[DISCUSS] Decouple IO and CPU operations in the Parquet Reader (push decoder?)

(This is based on discussions with @crepererum  and @XiangpengHao over the last few days)

## Is your feature request related to a problem or challenge? 

After working with the Parquet Reader, I have concluded it is not realistic to implement smart prefetching of row groups or pages because the knowledge of what data is needed next is not available from the reader.

This means in practice, users either have to 
1. buffer the entire file in memory or local SSD (which is what we do in InfluxDB)
2. read the data serially with multiple smaller requests while decoding. 

Buffering the entire file consumes significant resource and avoids some of the benefits inherent in columnar IO formats. 

Reading the data with multiple smaller requests is ok on a low latency local file system or when you have a bunch of outstanding requests (where the latency can be hidden by other work), but it is pretty bad for remote object stores or remote filesystems (e.g. S3, HDFS, etc) where the latency of each request is high.

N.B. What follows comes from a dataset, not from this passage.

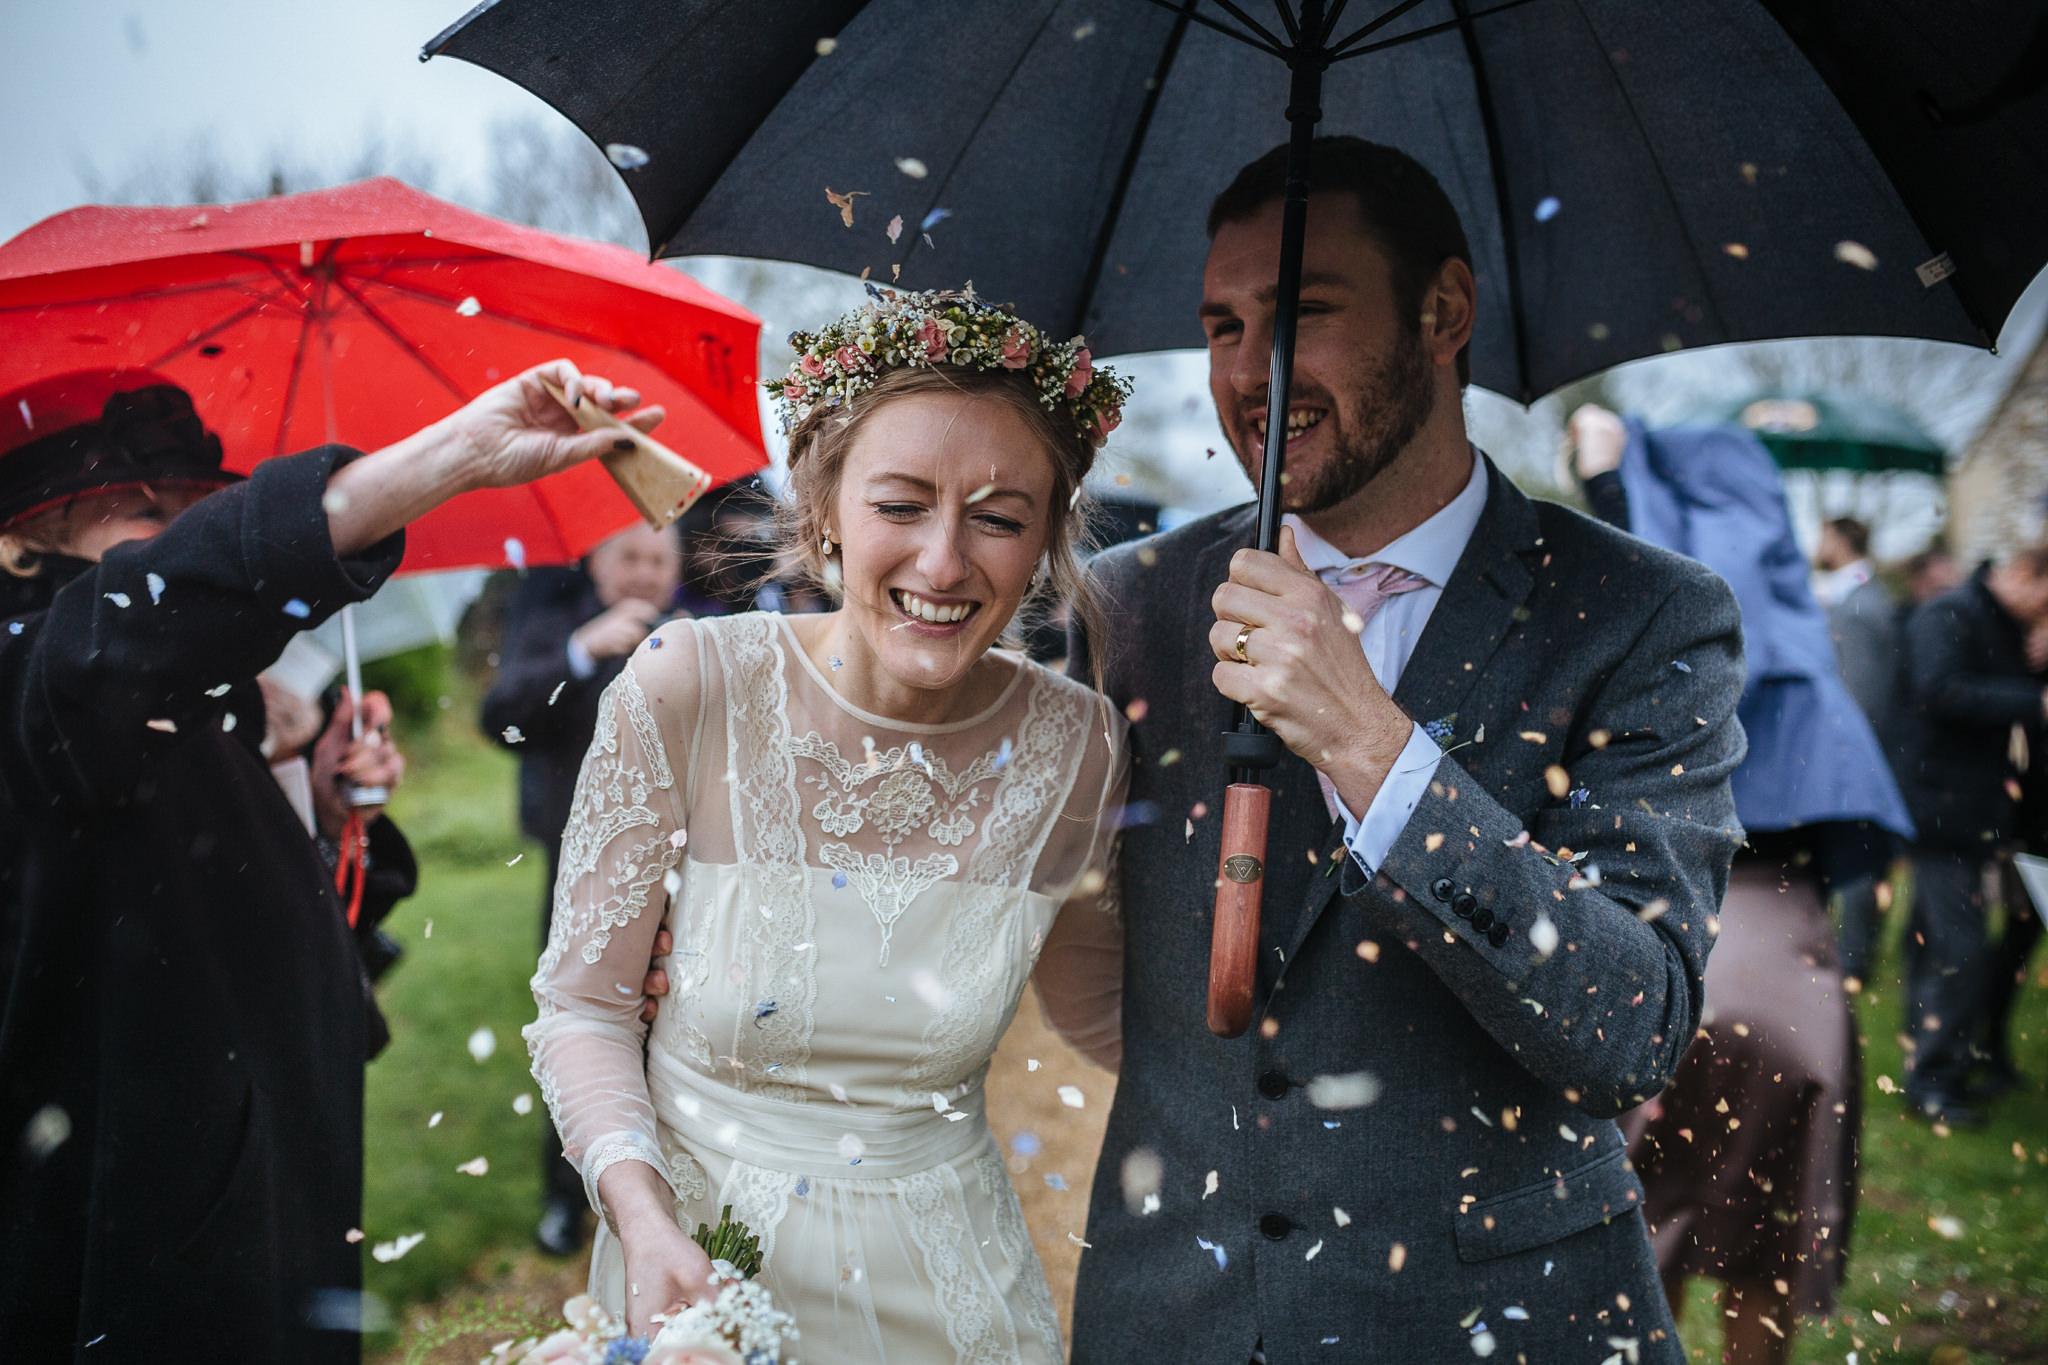 Creative-reportage-wedding-photography-90026

There are also several other things which I find annoying about the current design which i will rant about:
1. Row filters are evaluated eagerly (before the reader is created)  see [docs](https://docs.rs/parquet/latest/parquet/arrow/arrow_reader/struct.ArrowReaderBuilder.html#method.build) ("Note: this will eagerly evaluate any RowFilter before returning") which can potentially "front load" significant IO and CPU operations before client code might expect
1. There are different sync and async readers, which makes it hard (impossible?) to write tests that cover both without duplicating code (see https://github.com/XiangpengHao/arrow-rs/pull/7)
2. The internal implementation (e.g. for evaluating filters) is duplicated between the sync and async readers, which makes it hard to maintain and. Example: The initial predicate cache in https://github.com/apache/arrow-rs/pull/7850 does not work for the sync reader 😬 
3. The [`ArrowReaderBuilder`](https://docs.rs/parquet/latest/parquet/arrow/arrow_reader/struct.ArrowReaderBuilder.html) is a templated typedef . So the innocent sounding[`ParquetRecordBatchReaderBuilder`](https://docs.rs/parquet/latest/parquet/arrow/arrow_reader/type.ParquetRecordBatchReaderBuilder.html) is actually  `ArrowReaderBuilder<SyncReader<T>>;` and to actually use that you need to figure out `T: ChunkReader`. The multiple template levels makes it challenging to use (why is the the underlying type of the IO reader needed to to configure things like a `RowSelection`?)
4. I found the async API confusing: you have to implement [`AsyncFileReader`](https://docs.rs/parquet/latest/parquet/arrow/async_reader/trait.AsyncFileReader.html)  which combines IO **and** optional Parquet metadata caching. It is quite tricky to implement if you want to read from some different remote source.
5. It is also a pain to test the async reader (as you can't easily do so with in memory `Bytes`). You can see this pain as there are at [least two implementations of AsyncFileReader for Bytes in the codebase](https://github.com/search?q=repo%3Aapache%2Farrow-rs%20%22impl%20AsyncFileReader%22&type=code). (I also had to add a third in https://github.com/XiangpengHao/arrow-rs/pull/7)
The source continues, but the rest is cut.